Reliability does not live in the happy path. It lives in what the model does when it is unsure, when the input is malformed, or when the honest answer is that it cannot help. Leave that unspecified and the model will invent a behavior, and invent a different one after the next upgrade. Write the boundaries down.

  • -Uncertainty: name one behavior and hold to it - return null, ask a clarifying question, or emit a defined unknown value.
  • -Refusal: state what is out of scope and exactly what the response looks like when it is.
  • -Bounds: cap the length, restrict values to an allowed set, and forbid anything outside the schema.
  • -Injection: treat all pasted-in content as data, never as instructions, so a hostile input cannot rewrite the task.

>_Test and version prompts like code

Here is the line between teams that get consistent results and teams that get lucky now and then: the second group edits prompts by vibes, ships, and hopes.

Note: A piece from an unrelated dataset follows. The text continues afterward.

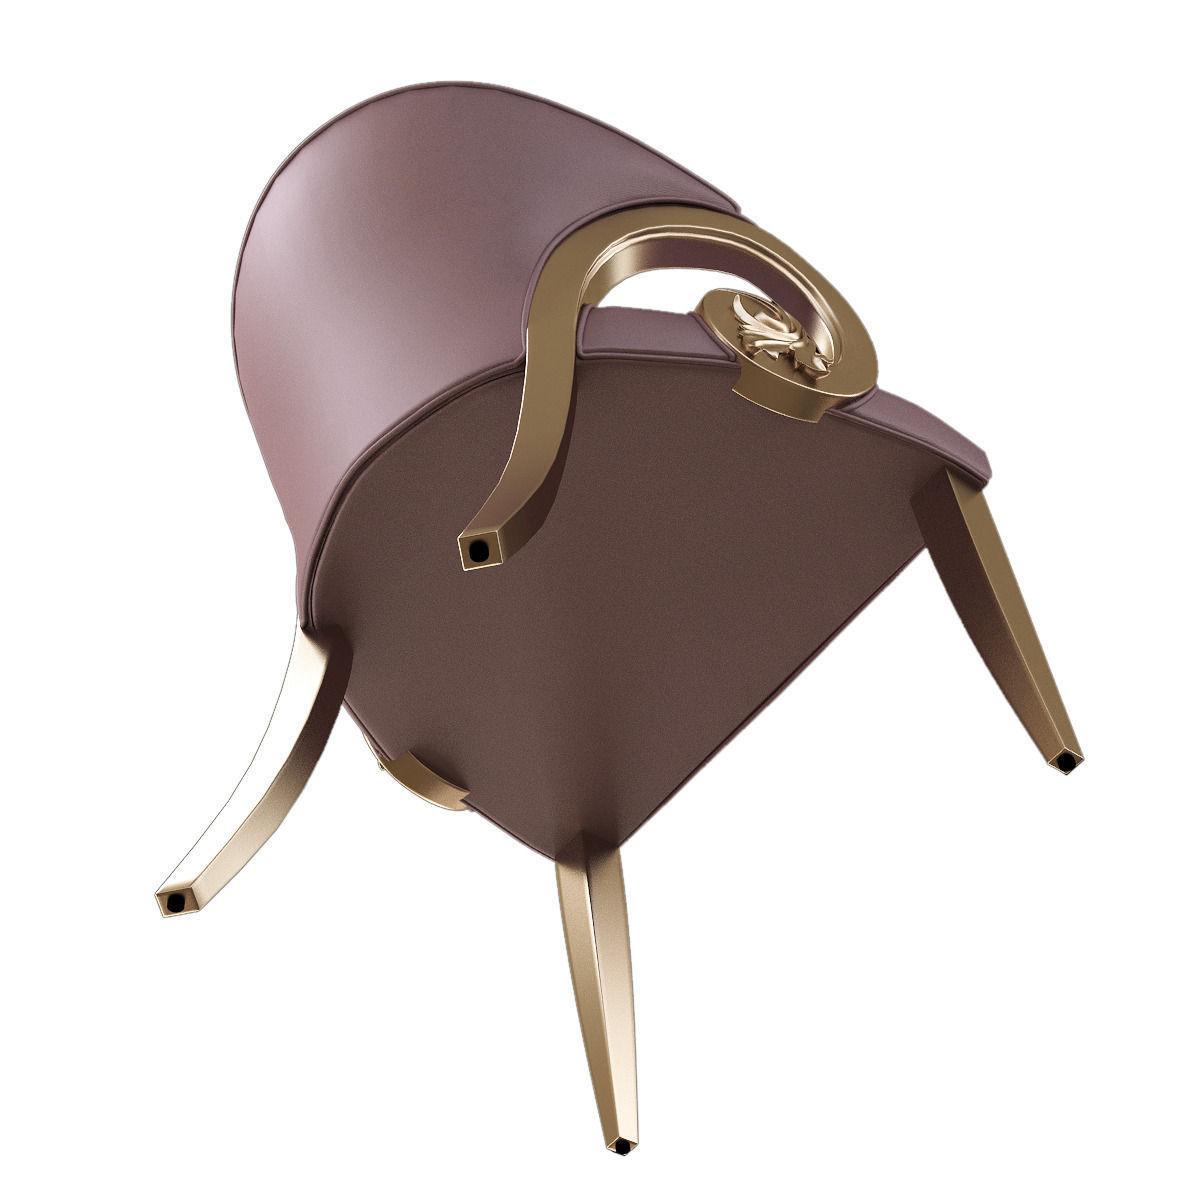 Christopher Guy Furniture Christopher Guy Boutique Chair 3d Model Max Obj 3ds Fbx Mtl

A prompt you cannot measure is a prompt you cannot improve, and certainly one you cannot carry safely across a model upgrade. This is the practice that makes every other one on this page durable.

Concretely: put prompts in version control and review them like any other production logic. Build a small evaluation set of representative and adversarial inputs and score every change against it instead of eyeballing one output. Change one variable at a time to attribute the effect. Then re-run that set on every model upgrade before rollout, because it is also your early-warning system for silent regressions.

This is the same muscle as testing the rest of an LLM system, which I go deeper on in /resources/what-are-ai-evals. Once you have it, a model upgrade stops being a gamble and becomes a diff you can read.

>_Design against brittleness

Some patterns work today and are guaranteed to rot. Brittleness almost always comes from coupling the prompt to something incidental about the model rather than the task itself. The gut check: if you can explain why a prompt works and the reason is 'this model happens to do X', you have found a liability, not a feature.

  • -Version overfitting: chains of magic phrases found by trial and error, tuned to one release, explainable by no one.
  • -Positional and length hacks: relying on the model reading only the last line or hitting an exact word count, which the next version quietly breaks.
  • -Fragile parsing: regex over free text that assumes a phrasing the model is free to change at any time.
  • -Hidden coupling: a prompt that only works at one specific temperature, sampler setting, or context length nobody wrote down.

>_Know when to move logic out of the prompt

The last best practice is knowing when to stop prompting. A prompt is the right home for judgment, tone, and open-ended reasoning. It is the wrong home for anything you can make deterministic. If a rule can be enforced in code, enforce it in code. If a fact can be looked up, retrieve it and pass it in rather than hoping the model recalls it. If an output has to be valid, validate it after the model and repair or reject, do not ask nicely and trust the reply.

I have watched teams spend weeks prompt-tuning a constraint a five-line validator would have guaranteed. The prompt is the most flexible part of the system, which makes it tempting to dump every requirement there, but flexible means non-deterministic, the last thing you want load-bearing. Push logic outward: deterministic rules into code, knowledge into retrieval, format into schema validation, routing into a cheap dedicated call. What is left is the genuinely fuzzy part, the only thing a language model is uniquely good at.

Do that and model upgrades flip from threat to tailwind. The prompts that survive describe the task honestly, lean on the platform for structure, and hand every deterministic job to something deterministic. Write those, version them, test them on every upgrade, and you stop rewriting your prompts as the model improves. You just get better along with it.